# Spinnangeln Nordsee



## Brady (6. August 2001)

spinnrute und Nordsee passt das zusammen?
Servus!
War neulich an der Nordsee(Halbinsel Butjadingen). Konnte aber aus familiären Gründen(Ärger mit der Frau) nur die Spinnrute mitnehmen. Habe bei verschiedenen Wasserständen und Tages und Nachtzeiten alle möglichen Blinker und Wobbler gefischt ohne den kleinsten Erfolg. Ist es nicht möglich an der Nordseeküste mit der Spinnrute Erfolg zu haben?
Tschau Brady


----------



## FFT_Webmaster (7. August 2001)

Moin Brady,
da kommt drauf an wo Du fischt. In Holland lohnt sich das Spinnfischen auf Wolfsbarsch schon, in Daenemark hast Du selten eine Chance mit Spinnfischen, es sei den von einer Mole, Hafenbecken u.ä. Also wie gesagt der Angelplatz entscheidet ueber den Erfolg. Tiefe gumpen, Becken u.ä laden immer Fische ein.

------------------

Mitglied der Interessengruppe Angeln

        www.funfishingteam.de


----------



## Uwe (7. August 2001)

Moin Brady,ich kann Marco nur recht geben. Spinnangeln lohnt eigentlich nur wenn du eine Mole hast und die Makrelen da sind. 
Ich habe meine Erfahrungen in Hanstholm und Vorupoer gemacht, wo wir mit dem Blinker Makrelen gefangen haben.

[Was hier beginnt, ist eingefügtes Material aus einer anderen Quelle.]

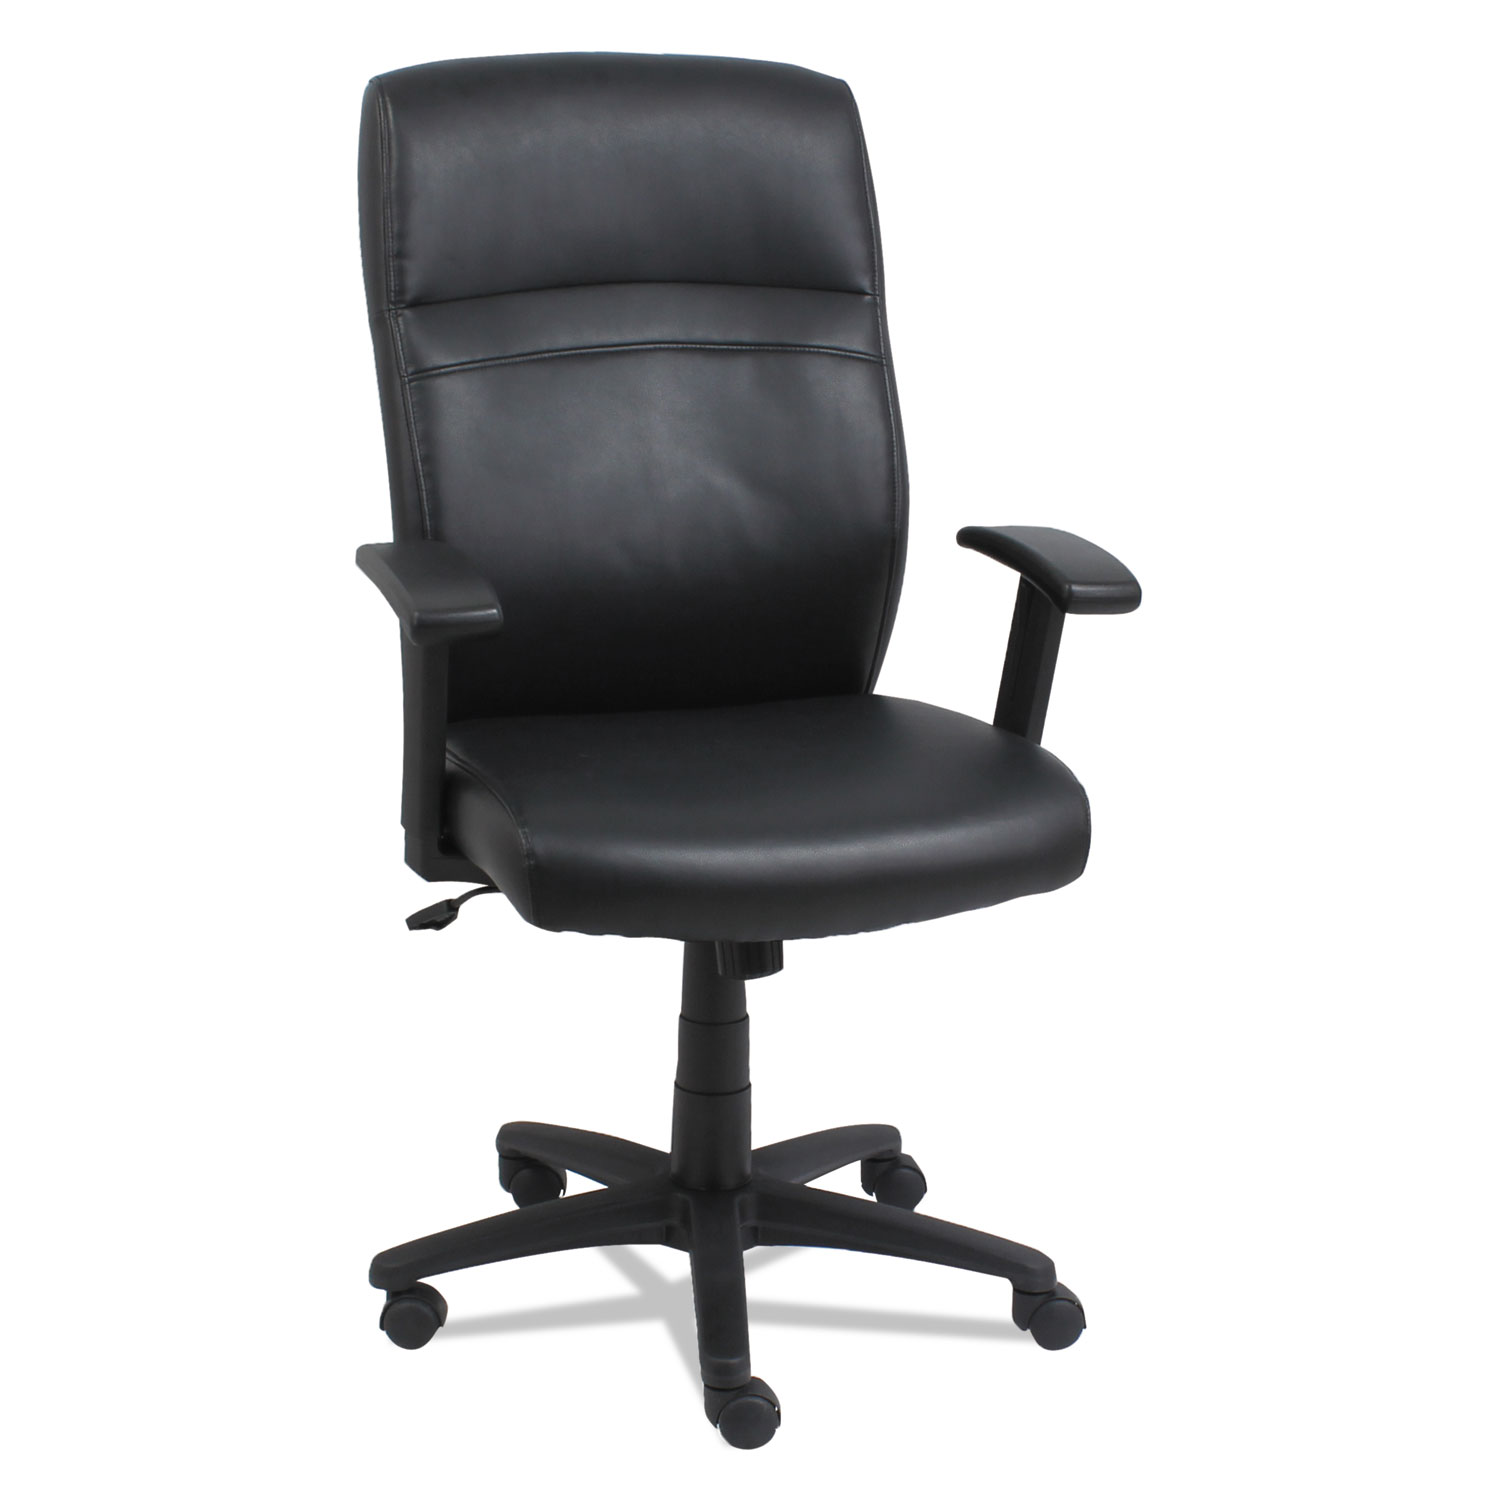 High-Back Swivel/Tilt Leather Chair, Supports up to 275 lbs., Black Seat/Black Back, Black Base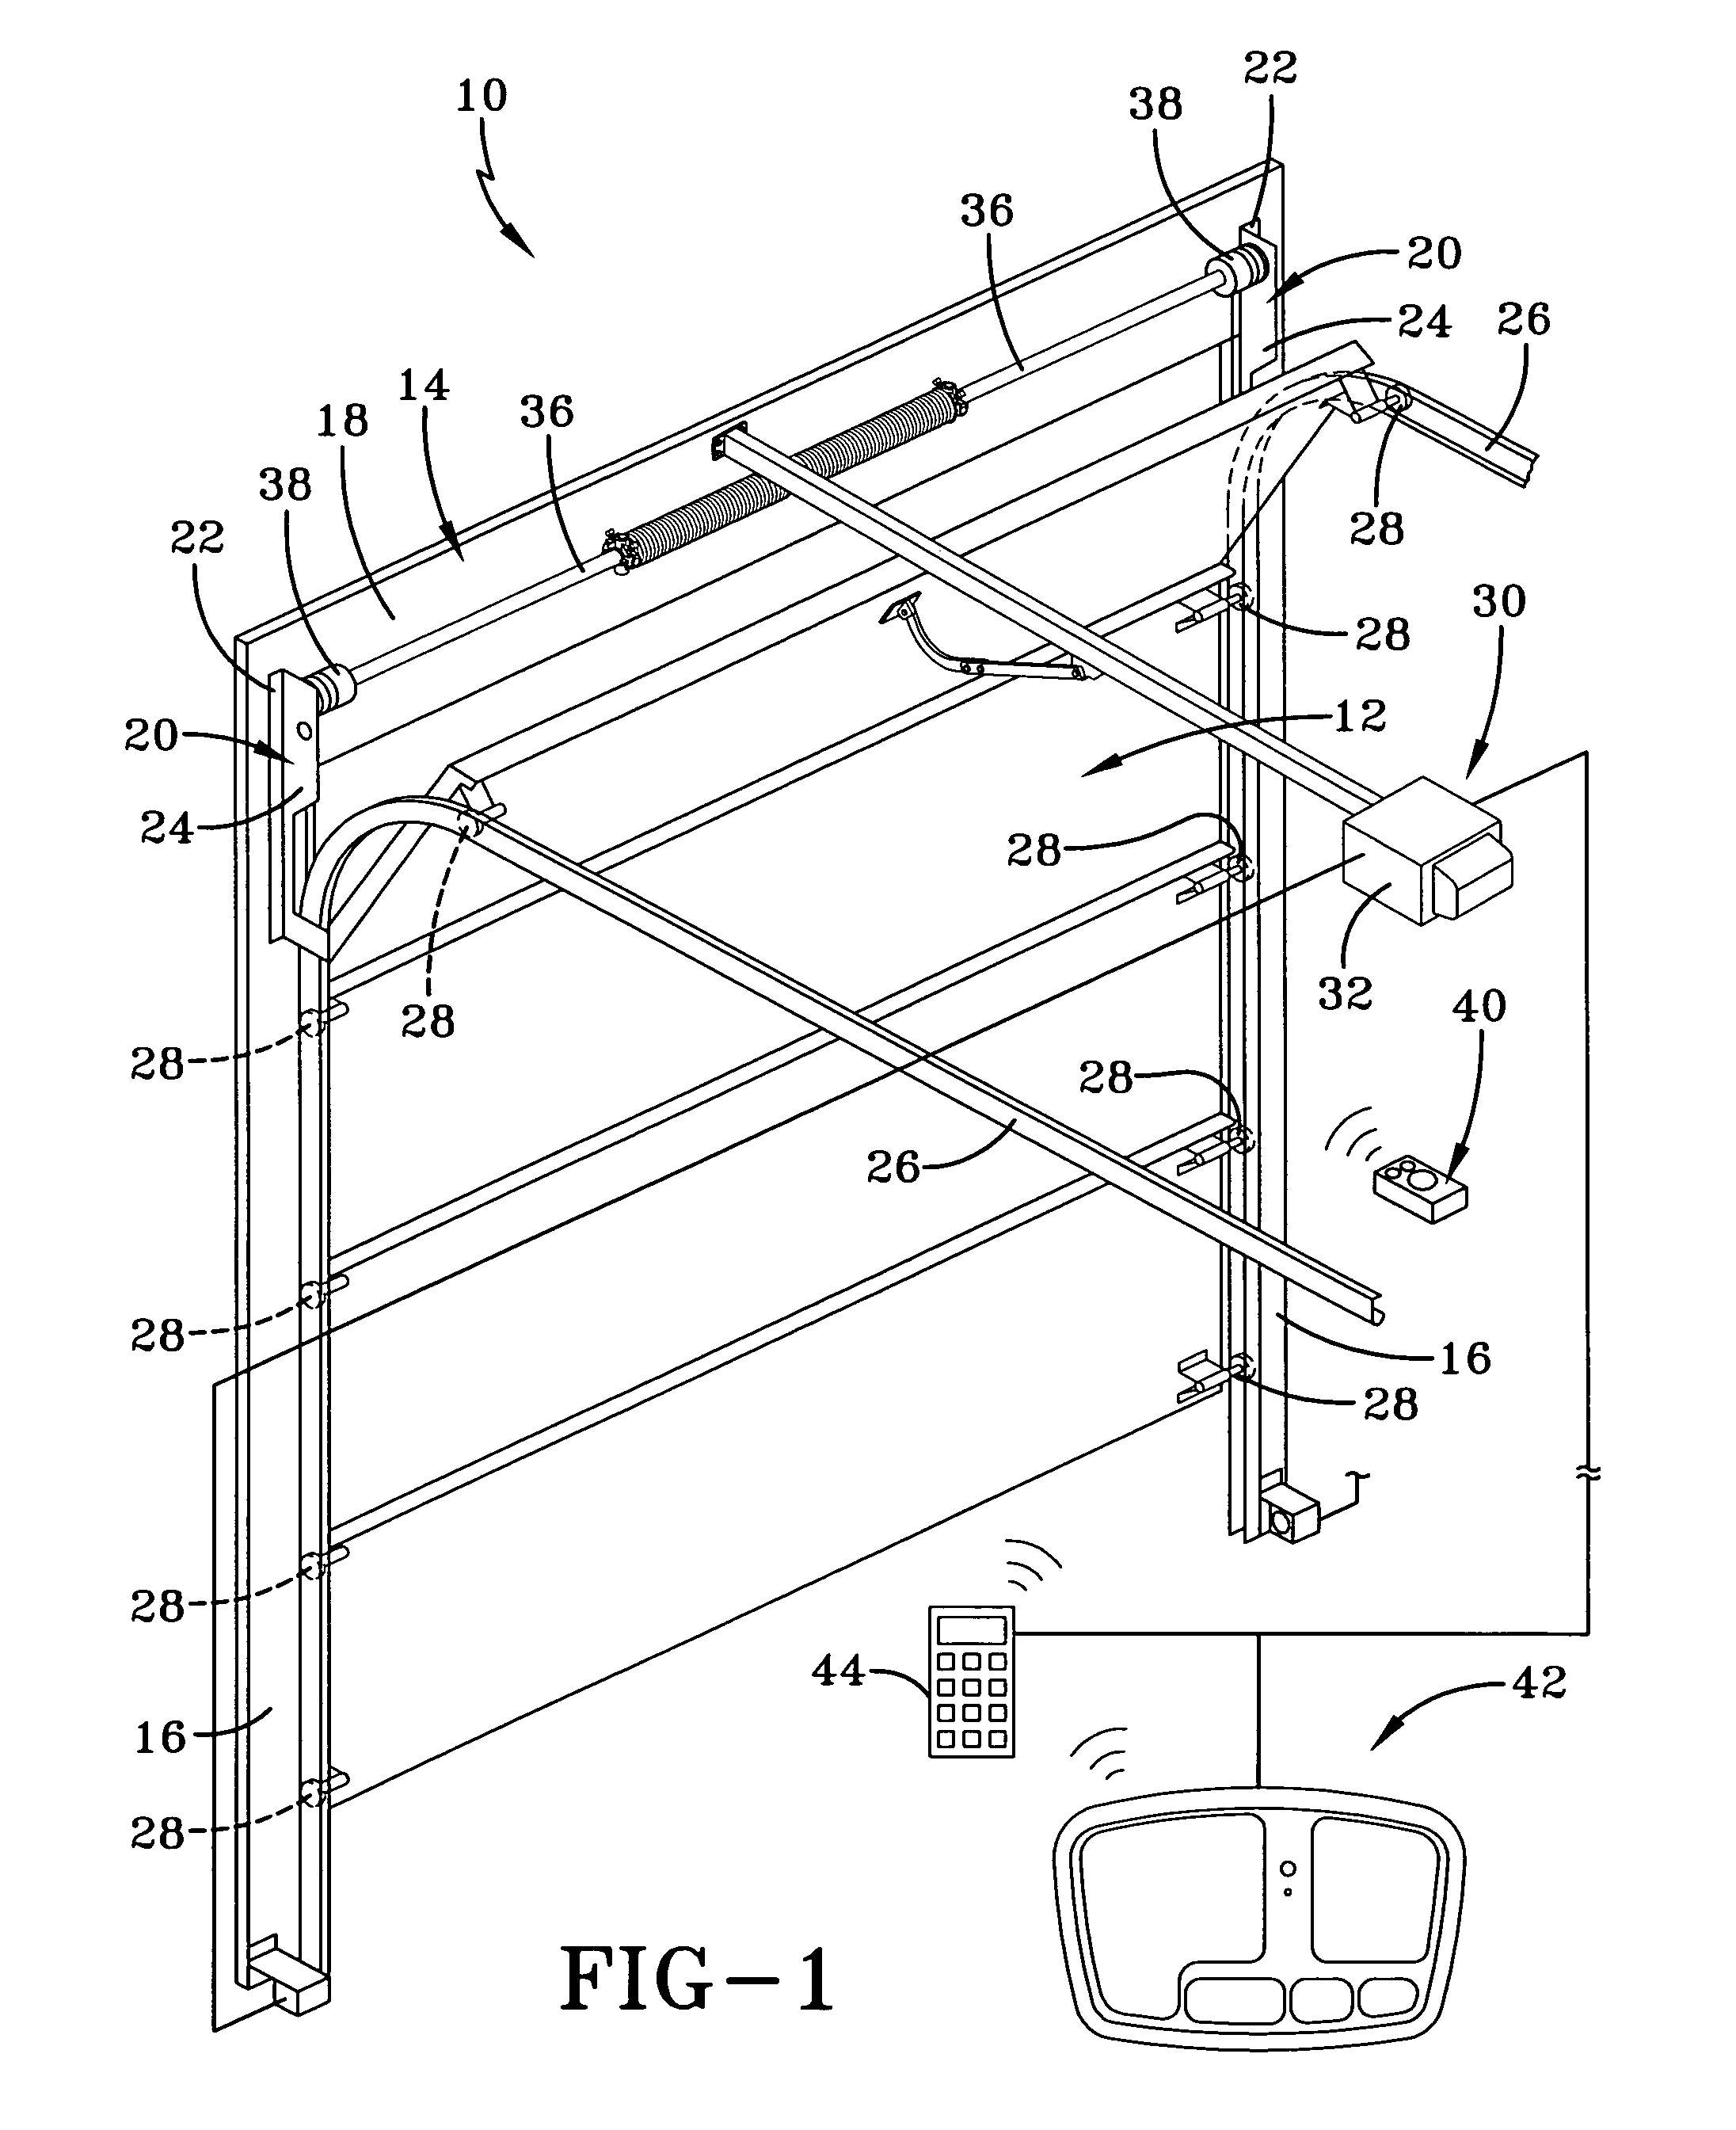 Motorized barrier operator system for setting a down force adjustment to a minimum value and method for programming the same

Ist aber ein Riesenspass!!!Uwe

------------------
-Dicke Dinger-


----------



## Guen (10. August 2001)

Hi ,also bei uns an der Nordseeküste kann man zu bestimmten Zeiten Dorsche spinnen !Ausserdem frage ich mich seit langem ob es sich lohnt auf Meerforellen zu fischen , in den Reusen sind öfter welche drin !Gruss Guen


----------